Главным недостатком «Карлы» была дикая вспыльчивость, в порыве которой он даже начинал прыгать, как индейский петух, и ругаться на трех языках. Впрочем, он был отходчив, то есть скоро успокаивался и делался другим человеком. Дядя Ипатыч уважал «Карлу», потому что по всякому фабричному делу «он собаку съел», особенно по доменному производству.
— Точно носом чует, — удивлялся Ипатыч, — ты еще не подумал, а он уж учуял.
Что «Карла» был строг и ругался, это еще ничего; но рабочие не любили его главным образом за то, что он всегда держал свое слово: скажет, как топором отрубит. Его нельзя было ни упросить, ни умолить.
— Мой сказал — конец, — отвечал «Карла» на все вопросы.
Особенно не любил «Карла» прогульных и послепраздничных дней, когда рабочие не выходили на работу.
— Ти кушаешь каждый день, я кушаю каждый день, — коротко объяснял он, посасывая коротенькую трубочку. — Ти должен работать каждый день, я должен работать каждый день, всякая скотина должна работать каждый день, если она хочет кушать… Ти будешь пьян, я будешь пьян, весь завод будешь пьян… Завод знает свою работу, — ему не нужен твой праздник…
Дядя Ипатыч по праздникам, когда уходил домой обедать, возвращался под домну слегка навеселе, и «Карла» грозил ему пальцем, приговаривая:
— О, я тебе дам праздник на голова. Ти мне козла садил будешь.
Впрочем, доменного мастера «Карла» любил и часто делал вид, что не замечает его нетвердой походки, красных глаз и заговаривающегося языка.
— Уж лучше бы обругался, — бормотал дядя Ипатыч, когда управитель уходил. — Душеньку выматывает, проклятый немчура…
«Карла» был совсем не немец, а чистокровный француз, и звали его не Карлом, а Густавом. А свою кличку он получил по наследству: в соседнем Кловском заводе служил когда-то управитель, немец Карл Мейер.
Ванька и боялся немца «Карла» и еще больше ненавидел его. Немец казался ему таким злым. Недаром все рабочие боялись его, как огня. На его глазах «Карла» отказал Пимке Мятлеву, работавшему у обжимочного молота подмастерьем, прогнал из-под домны литуха Спирьку, трех слесарей, — вообще, сколько народу из-за «Карлы» осталось без работы! Кроме фабрики, какая у них работа?.. Раньше-то все как хорошо жили, а как прогнал их «Карла», так все и захудали. Уволенные рабочие под пьяную руку грозились даже убить проклятого «Карлу», и Ванька понимал их. Он сам иногда думал, что хорошо было бы запустить в «Карлу» хорошим камнем.
«У, немец проклятый…» — думал про себя Ванька.

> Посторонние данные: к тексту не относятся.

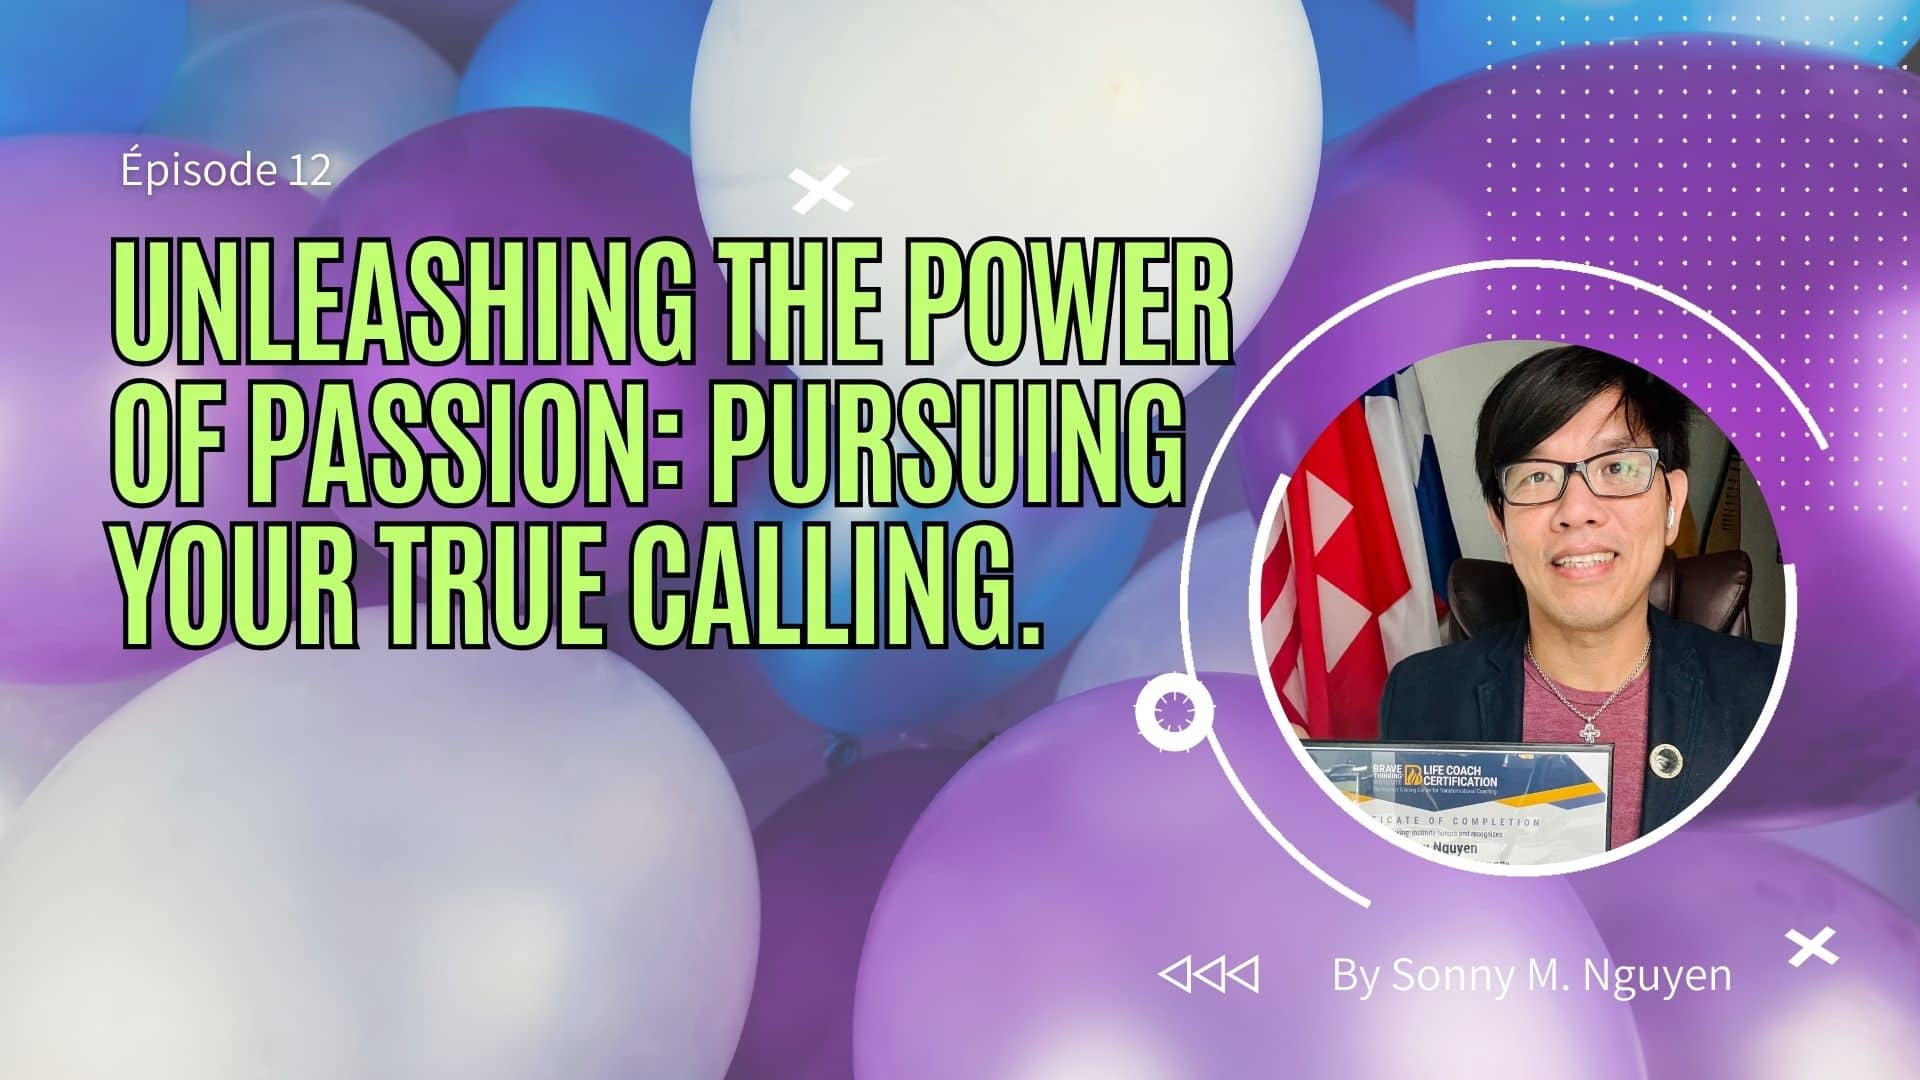 Épisode 12 | Unleashing the Power of Passion: Pursuing Your True Calling

Когда «Карла» ходил по фабрике, Ванька всячески старался не попадаться ему на глаза; а когда он приходил под домну, Ванька прятался куда-нибудь подальше. А вдруг «Карла» возьмет и откажет ему от работы? Дядя Ипатыч заметил, что Ванька боится управителя, и любил пошутить над ним.
— Ужо он тебе задаст, Ванька… Он и под домну к нам ходит из-за тебя. «А что Ванька делает? А как Ванька работу исполняет?» То-то! И на тебя нашлась управа.
Ванька больше всего любил свою домну зимой. Все кругом занесено саженным снегом. Зимние дни короткие. Ветер, холод, снег. А под домной всегда и тепло, и светло, и уютно — лучше, чем у себя дома, в избе. Везде горят огни, везде кипит работа, и все такие веселые. В холод работается легче.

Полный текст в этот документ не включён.